--- DATASET EXTRACT ---
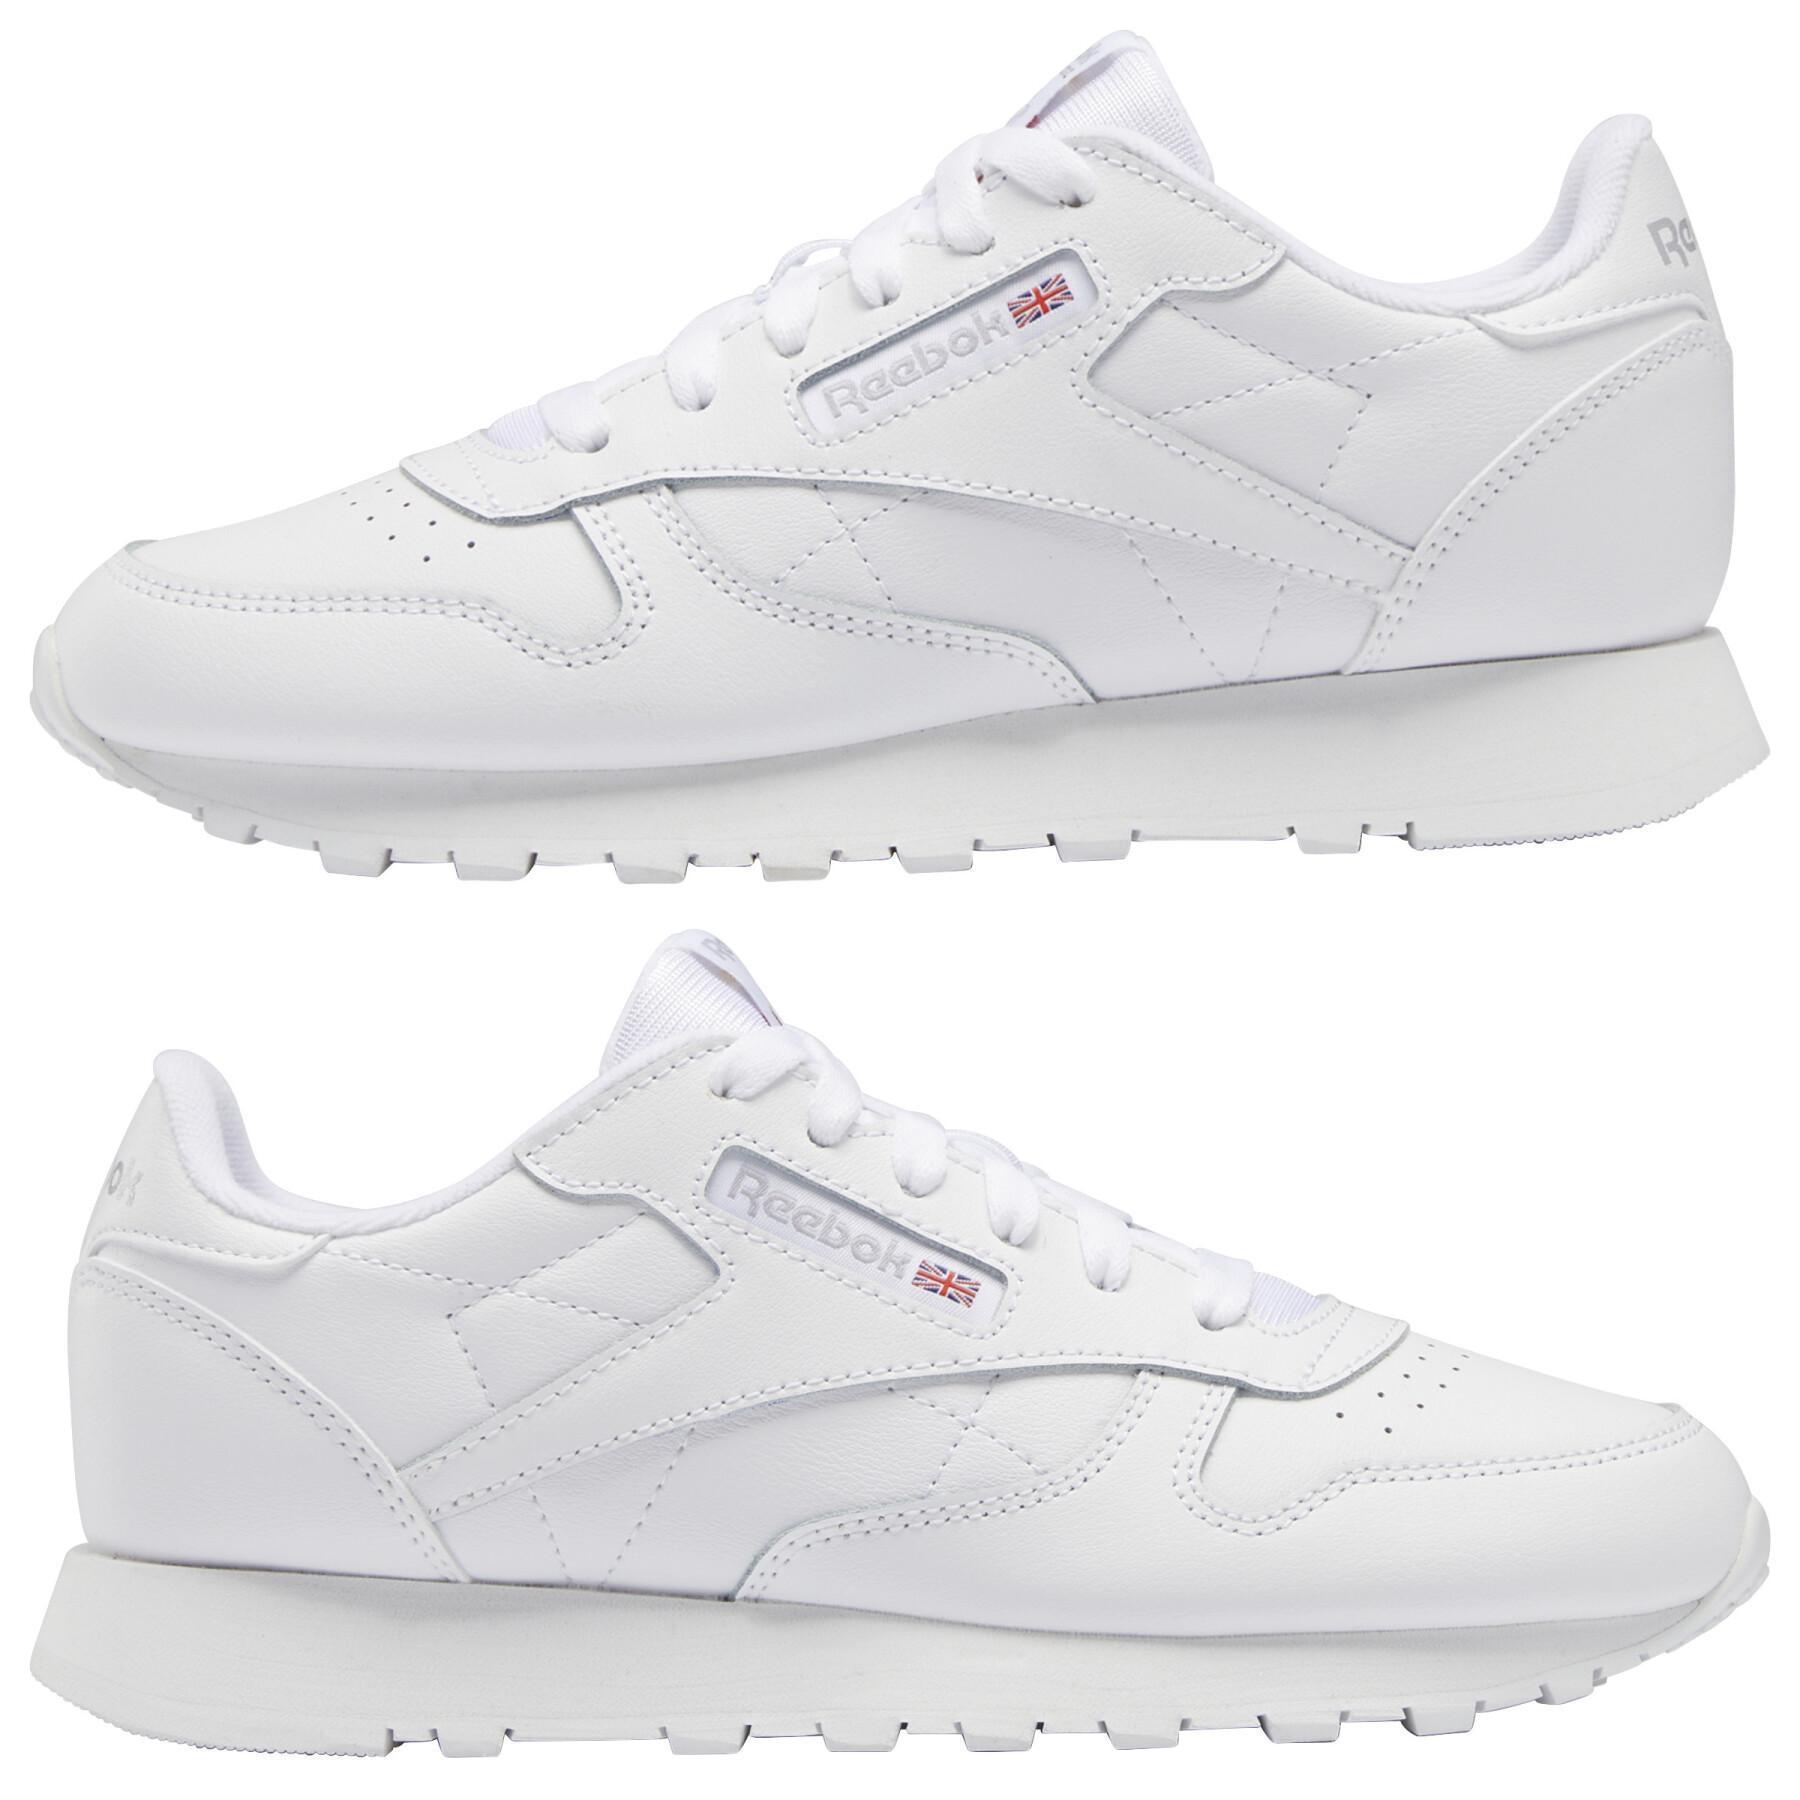 Chaussures enfant Reebok Classic Leather
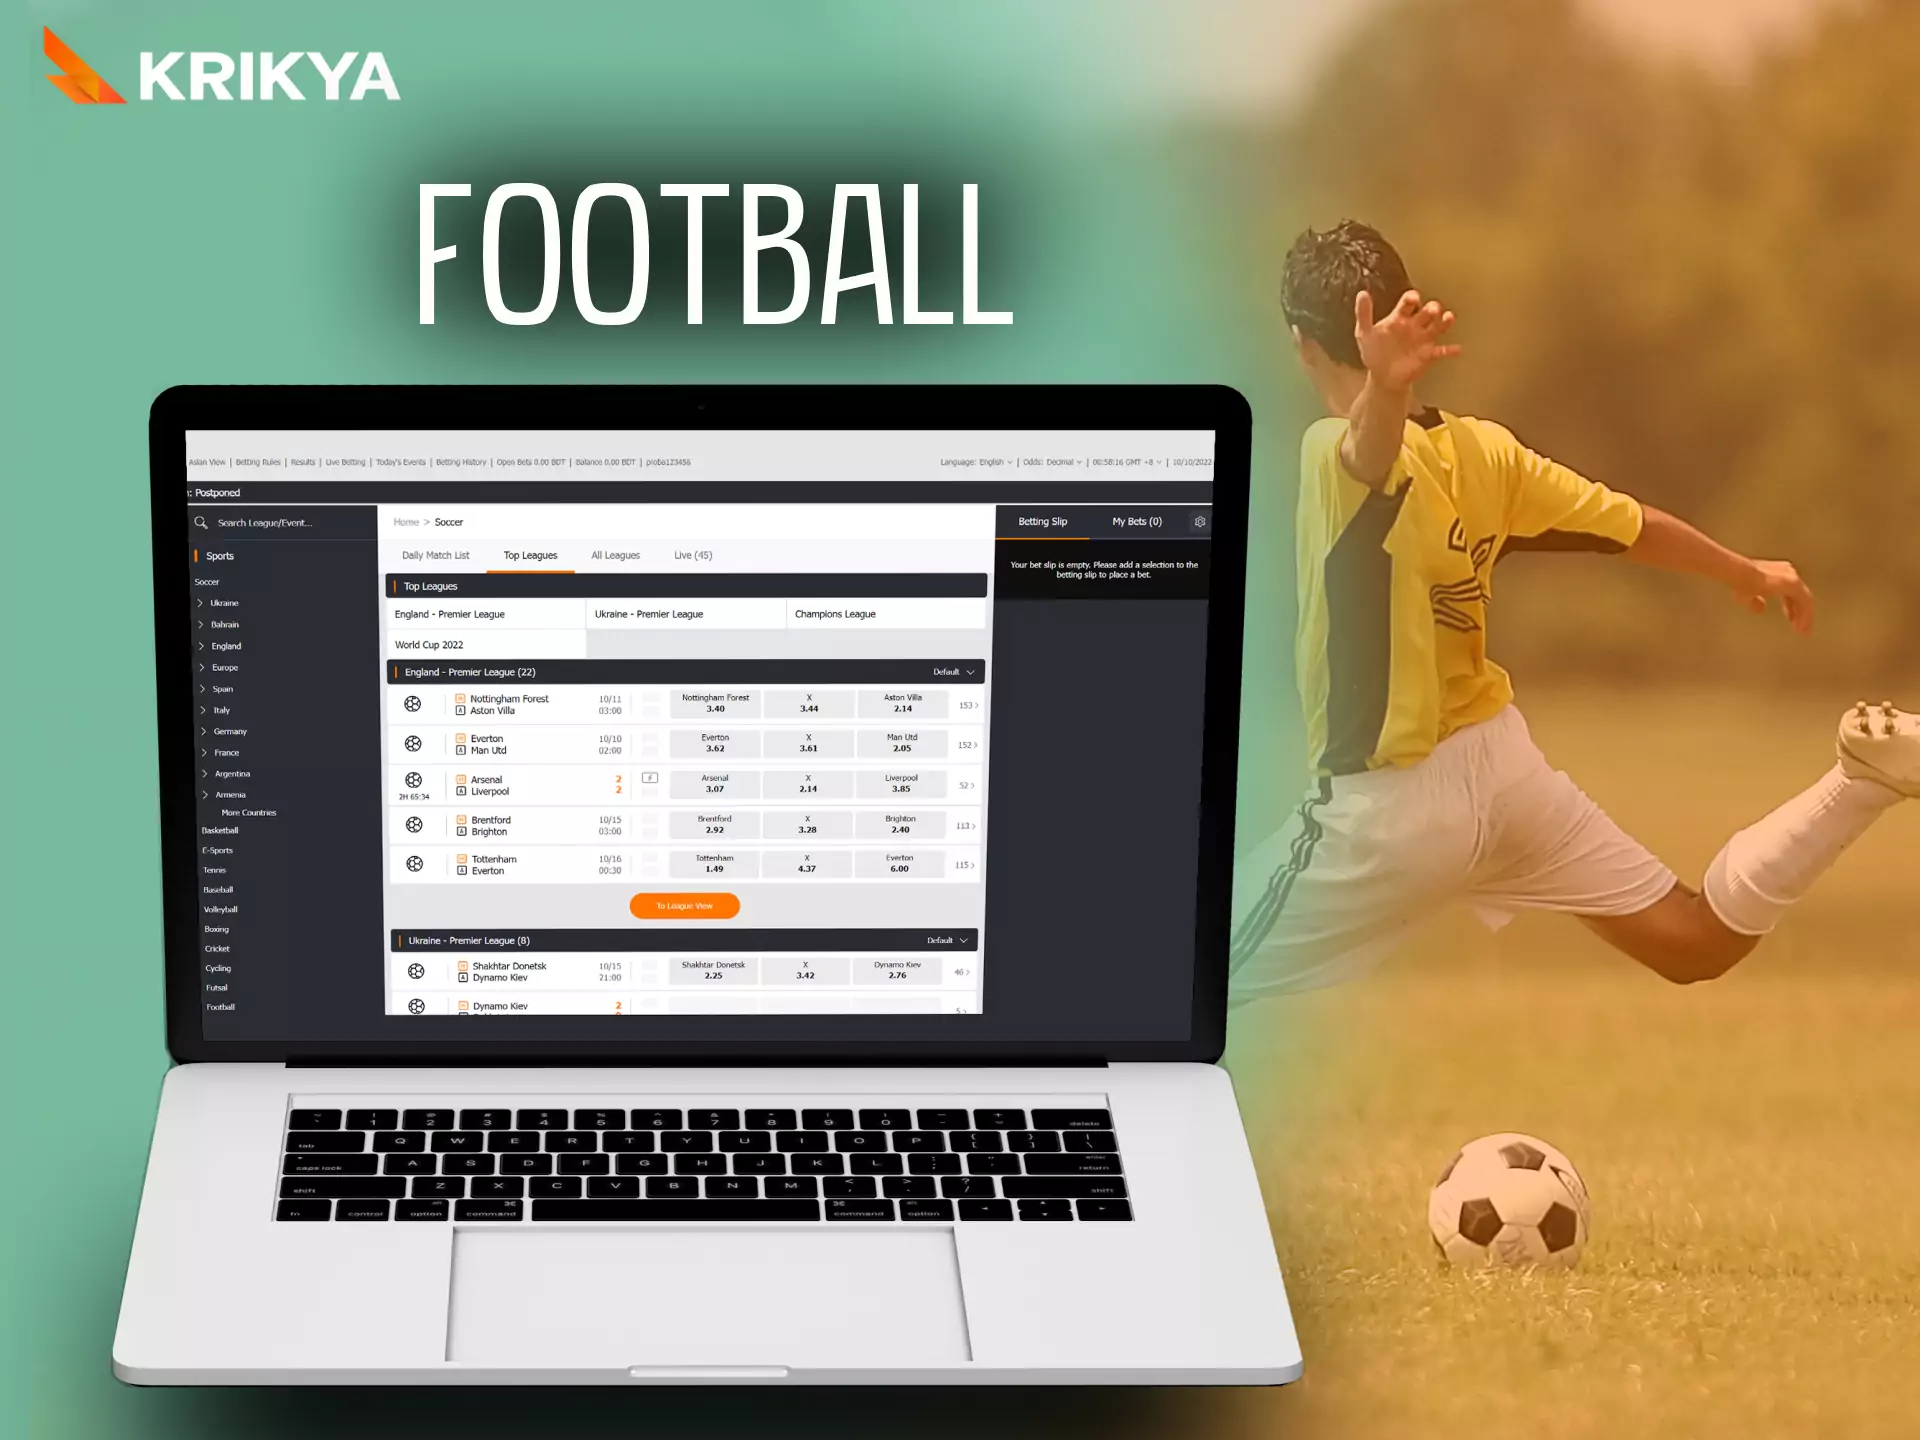 With Krikya, place bets on your favorite football teams.
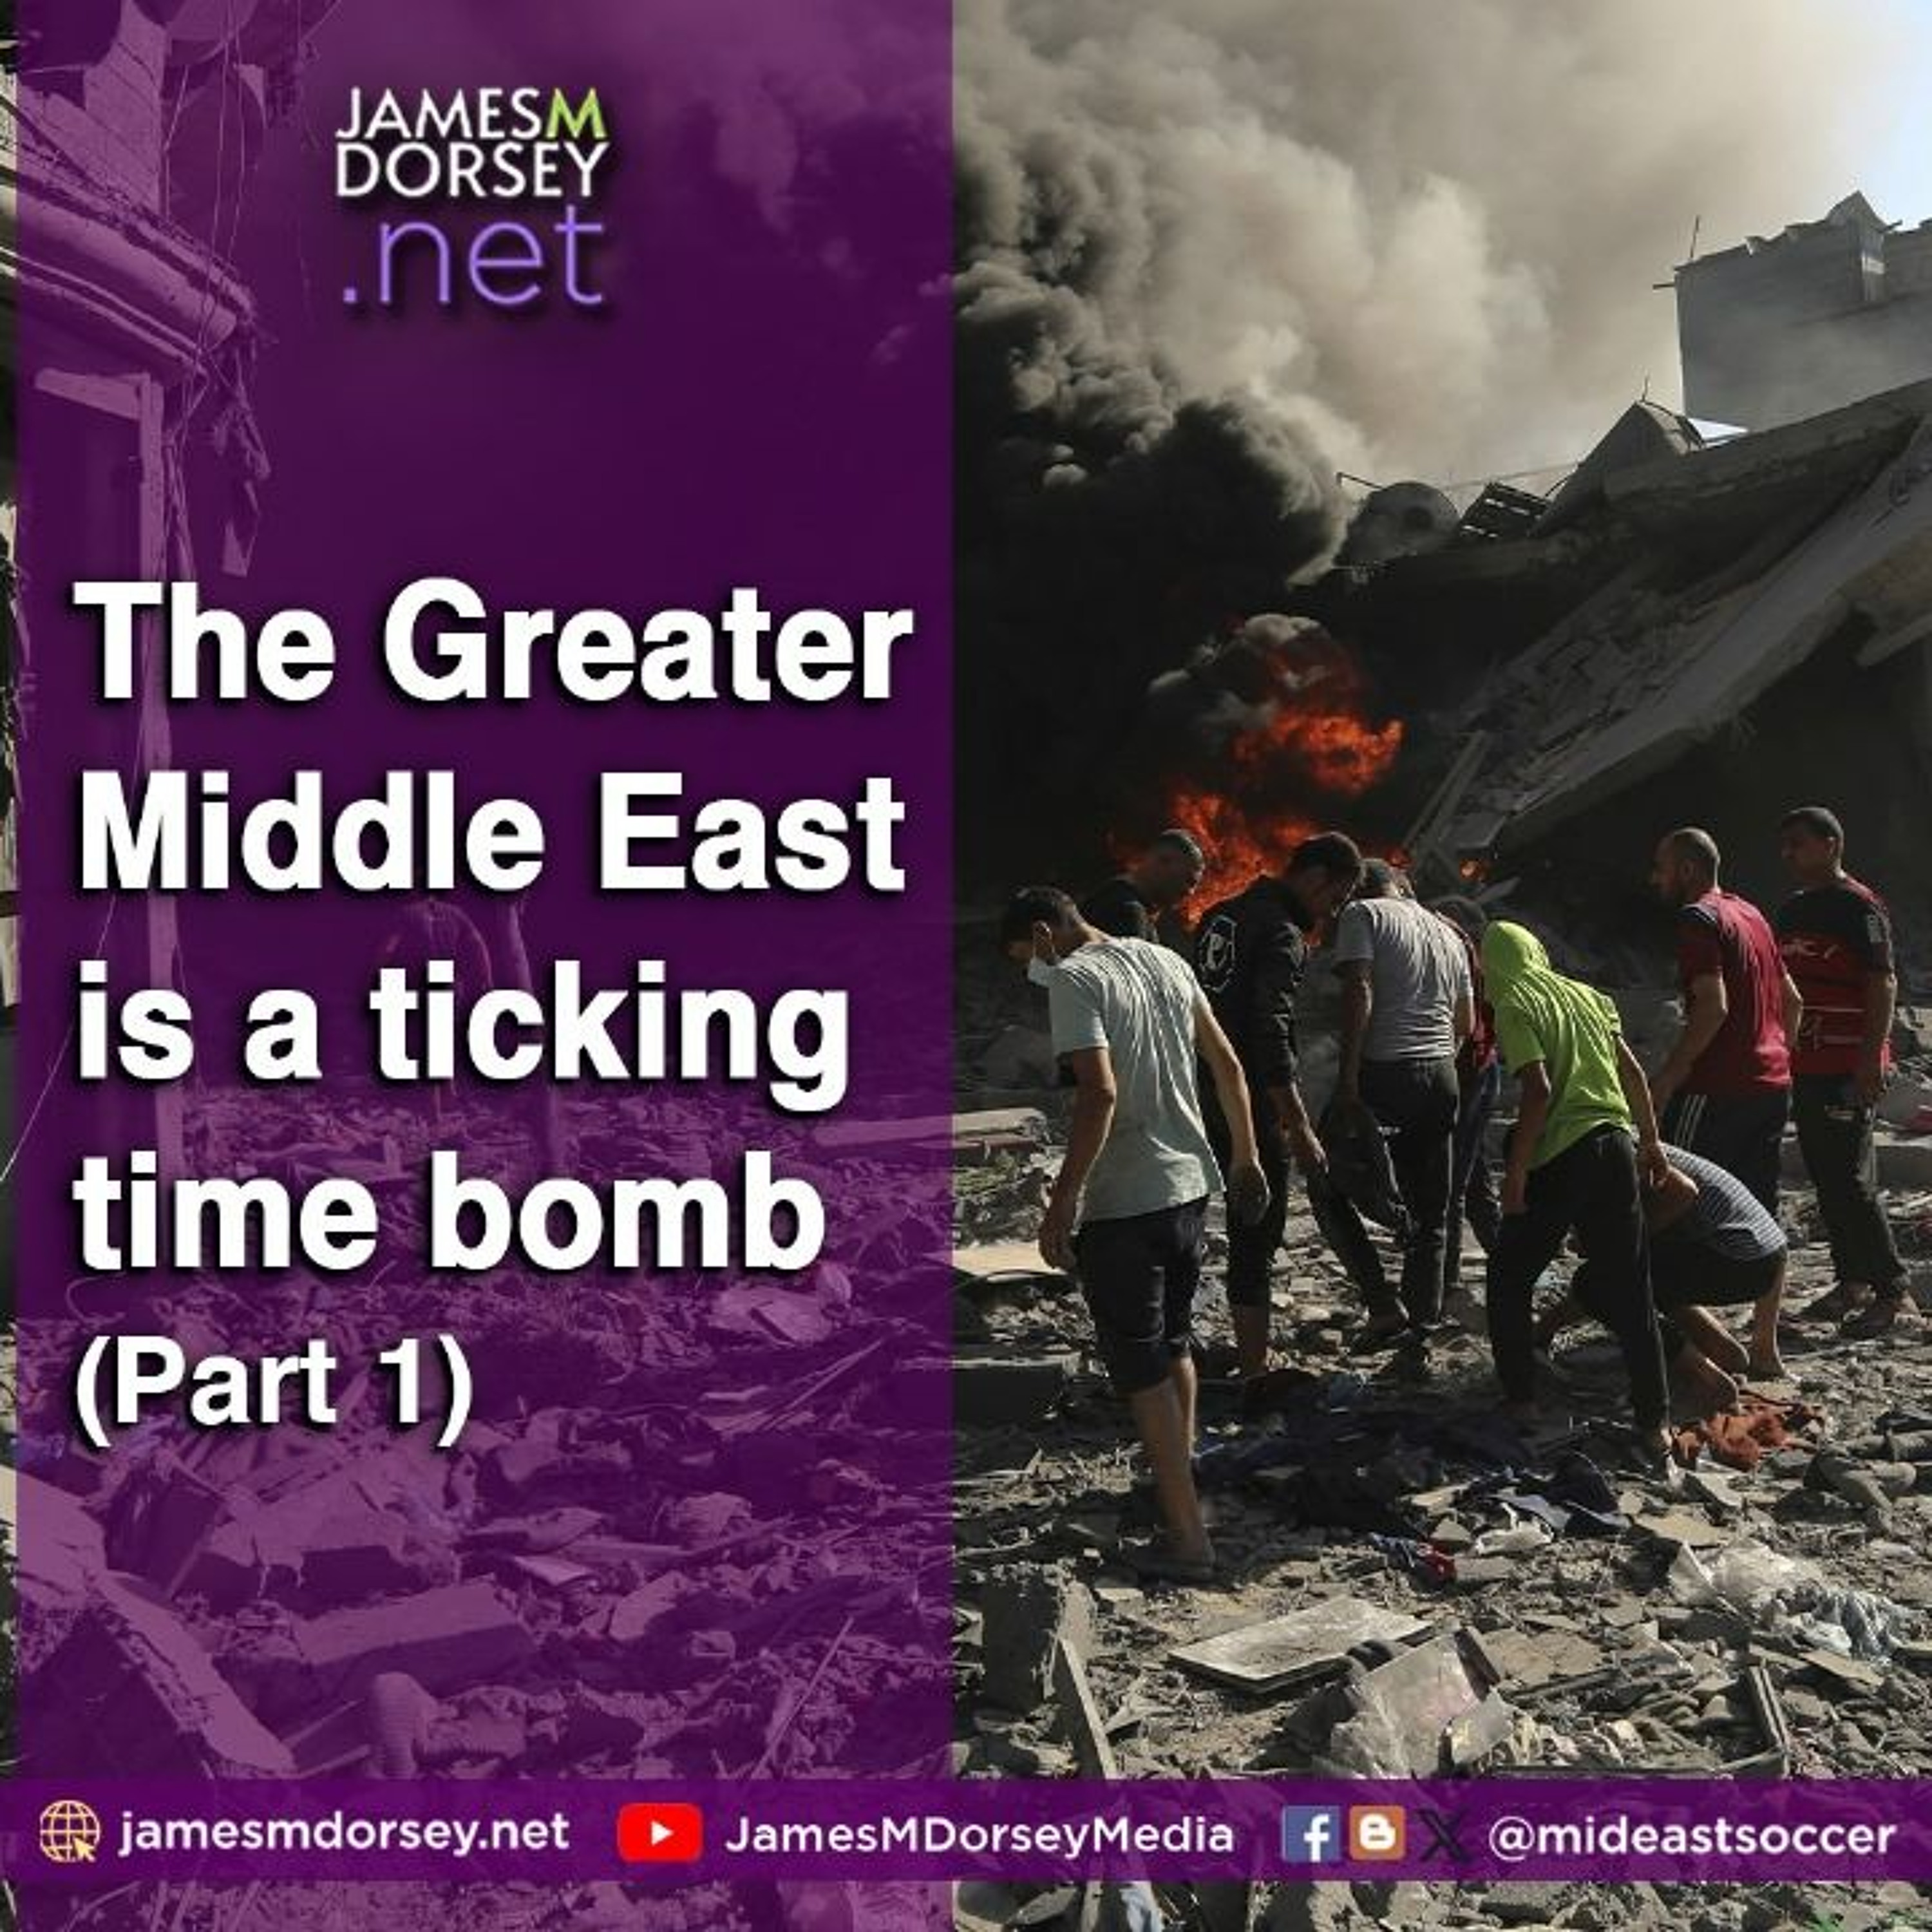 The Greater Middle East Is A Ticking Time Bomb (Part 1)

--- DIRECTIONS ---
Pictures aside, reproduce exactly the lines from the one containing "With Krikya, place" to the end of the listing above, both ends included.

--- RESPONSE TO THE TASK ---
 With Krikya, place bets on your favorite football teams.
 The Greater Middle East Is A Ticking Time Bomb (Part 1)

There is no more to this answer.